Given $f\, : \,\mathbb{R} \longrightarrow \mathbb{R}$, say $f(x)=\sin(x)$ can we use $f(x) \in (-2,2)$ and $f(x)\in (-5,5)\,$? Does this make sense? However, we can define $\sin x\, : \,\mathbb{R} \longrightarrow [-1,1]$ where the codomain contains only the interval which is thus open. It's called subspace topology and contains all sets $\mathcal{O} \cap [-1,1]$ with $\mathcal{O} \subseteq \mathbb{R}$ open as open sets in $[-1,1]$.

Or, perhaps equivalently, can we pick as the domain of a function, the union of two open sets of a given topology?

We usually pick a function and determine its domain and not the other way around. Your question sounds like: Can we pick a function $f\, : \,\mathbb{R} \longrightarrow (a,b) \cup (c,d)\,$? Hmm, why not? But what for?

 

[WWGD]

In reading out about topological spaces and topologies I noticed that they do not give much specific examples, so I have not found an answer to the following simple question:

Can we use the same function for mapping into two different open sets of a given topology? Or, perhaps equivalently, can we pick as the domain of a function, the union of two open sets of a given topology?

If I understood correctly, answer to first is yes: as long as the output is contained in the union of the open sets. For the second, yes, as long as the function is defined in both the sets. For the second, In some cases you may also want to preserve some properties of your function ( continuity, compactness, etc. or non-topological ones like differentiability), which may restrict the open sets over which you can define your function. This is called the extension problem and it can become pretty tricky.

 

[kent davidge]

If I understood correctly, answer to first is yes: as long as the output is contained in the union of the open sets. For the second, yes, as long as the function is defined in both the sets. For the second, In some cases you may also want to preserve some properties of your function ( continuity, compactness, etc. or non-topological ones like differentiability), which may restrict the open sets over which you can define your function. This is called the extension problem and it can become pretty tricky.

So what's the difference if we take, say, the trivial topology and a function from the set to itself and another topology and the same function from the set to itself? I thought what makes it different was the open sets in which the function will act on.

 

[fresh_42]

So what's the difference if we take, say, the trivial topology and a function from the set to itself and another topology and the same function from the set to itself?
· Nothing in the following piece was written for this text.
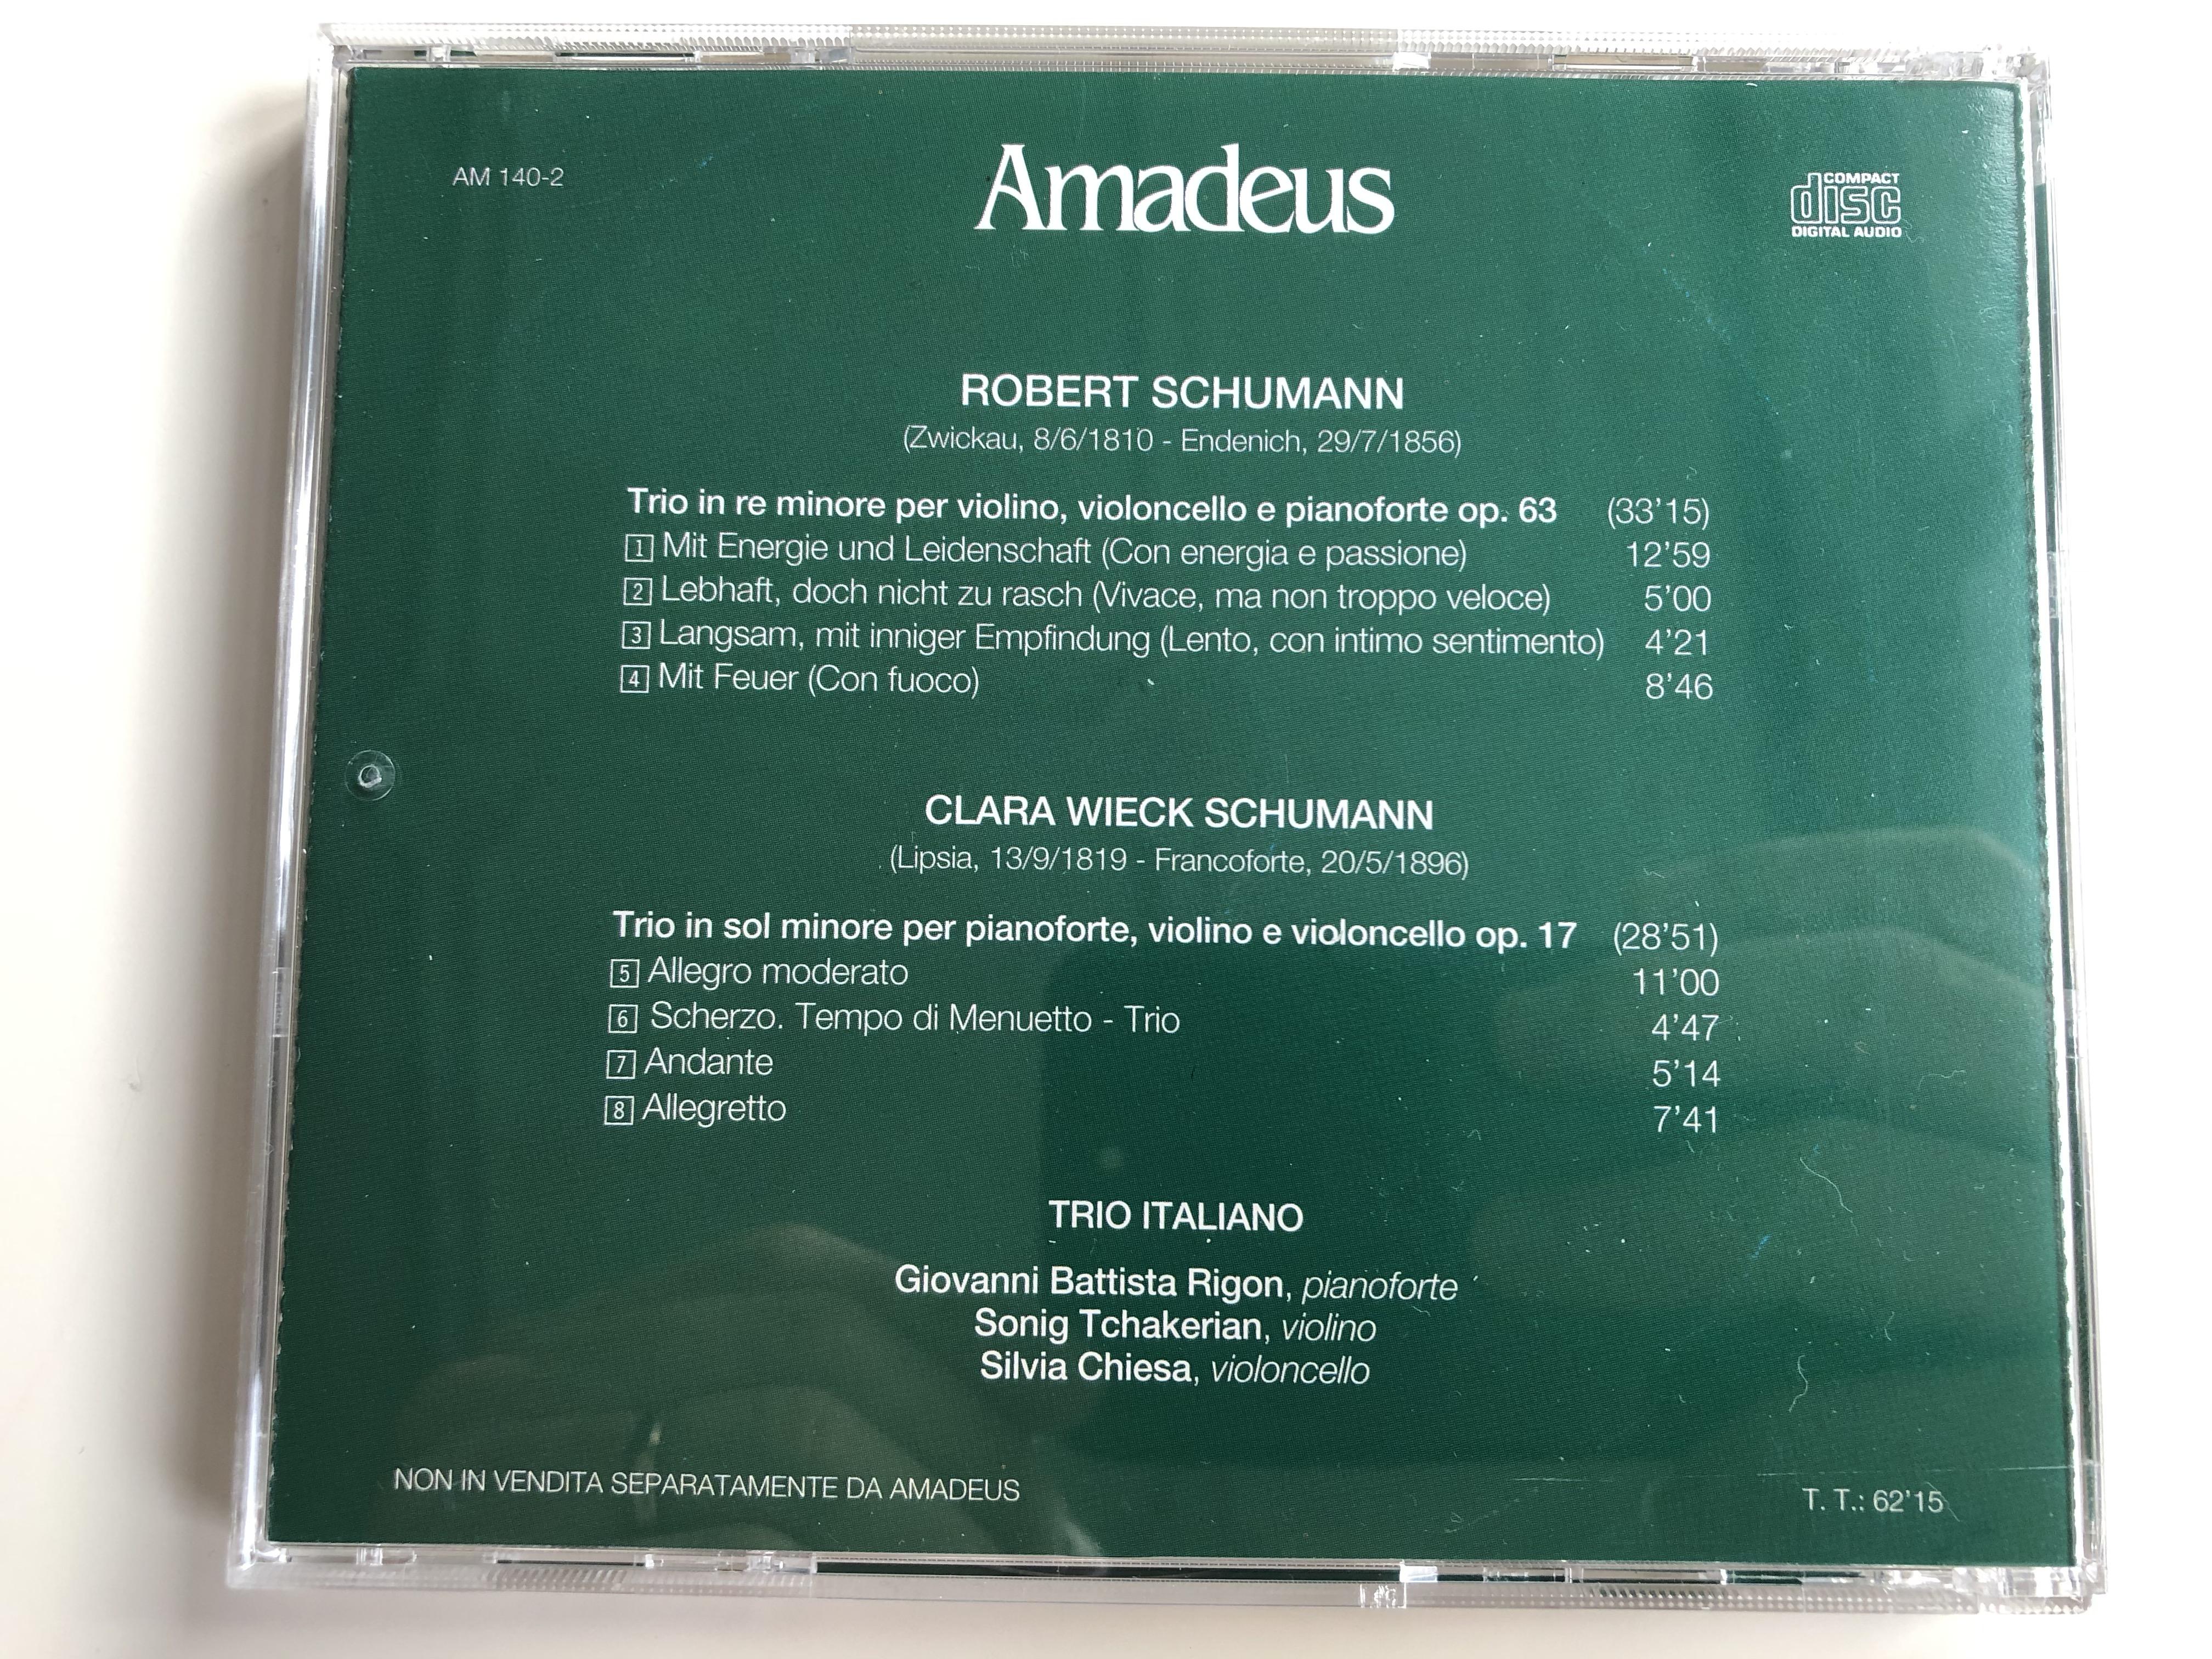 trii-per-pianoforte-e-archi-trio-italiano-robert-e-clara-schumann-amadeus-audio-cd-2001-am-140-2-10-.jpg

I thought what makes it different was the open sets in which the function will act on.

What makes it different is the determination of the topology, i.e. the selection of open sets. This has consequences for the property of functions, not the functions itself. Take for example
$$
f(x)=\begin{cases} 0 &\text{ for } x \leq 0 \\ 1 &\text{ for } x > 0 \end{cases}
$$
which is not continuous at zero in the usual norm induced Euclidean topology. A function is continuous if the pre-images of open sets are open. However, whereas $U := \mathbb{R}-\{1\}$ is an open set, $f^{-1}(U)=\{x\in \mathbb{R}\, : \,f(x)\neq 1\}= (-\infty,0]$ is not.
If we now change the topology to the discrete topology, where all sets are open, then $x \mapsto f(x)$ is all of a sudden continuous. So it's less the set which changes, it's its morphisms, resp. their properties, as the mapping didn't change in my example. So whether to consider one or the other topology, depends on what goals one has. The inner structure of a topological space changes if we change the topology.

 

[FactChecker]

So what's the difference if we take, say, the trivial topology and a function from the set to itself and another topology and the same function from the set to itself? I thought what makes it different was the open sets in which the function will act on.
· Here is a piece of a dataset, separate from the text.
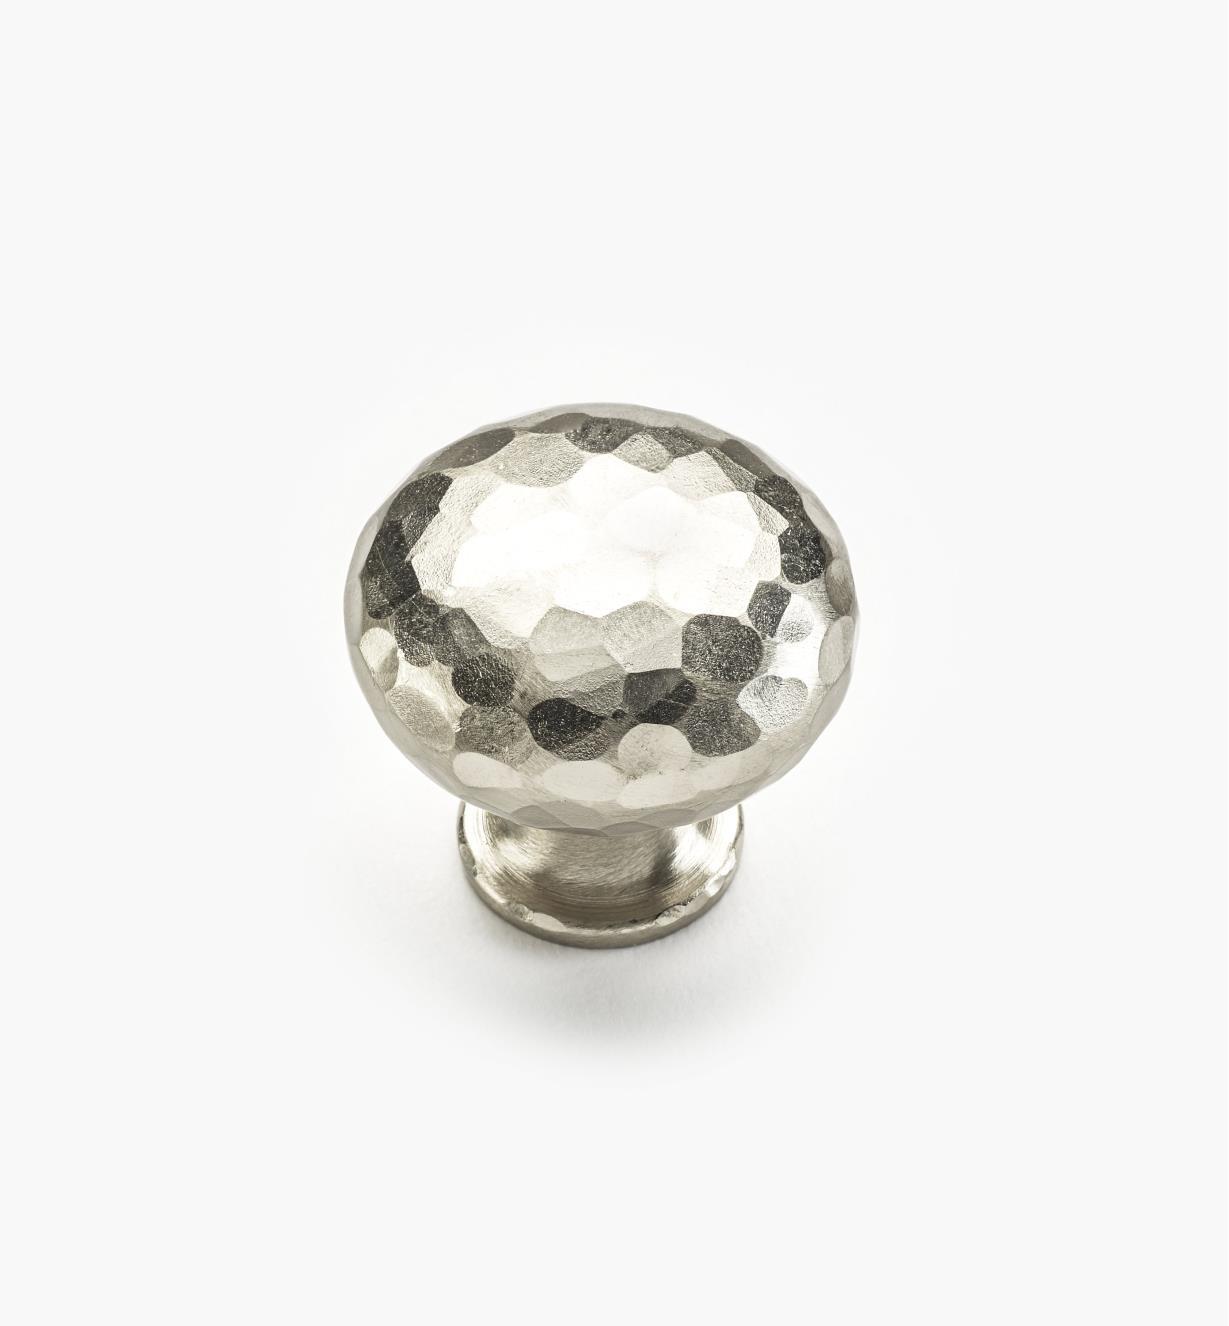 01W4365 - Bouton martelé, fini nickel satiné, 1 1/4 po x 1 1/8 po

For a function that maps from a set to the same set, there can be two different topologies defined for that set as a domain versus the same set as a range. It's very easy for the function to be continuous under one set of domain/range topologies and discontinuous under another. That is why I asked for more information about the function, the domain, and the range in post #2. Without specifying more about the function and the topologies, anything is possible.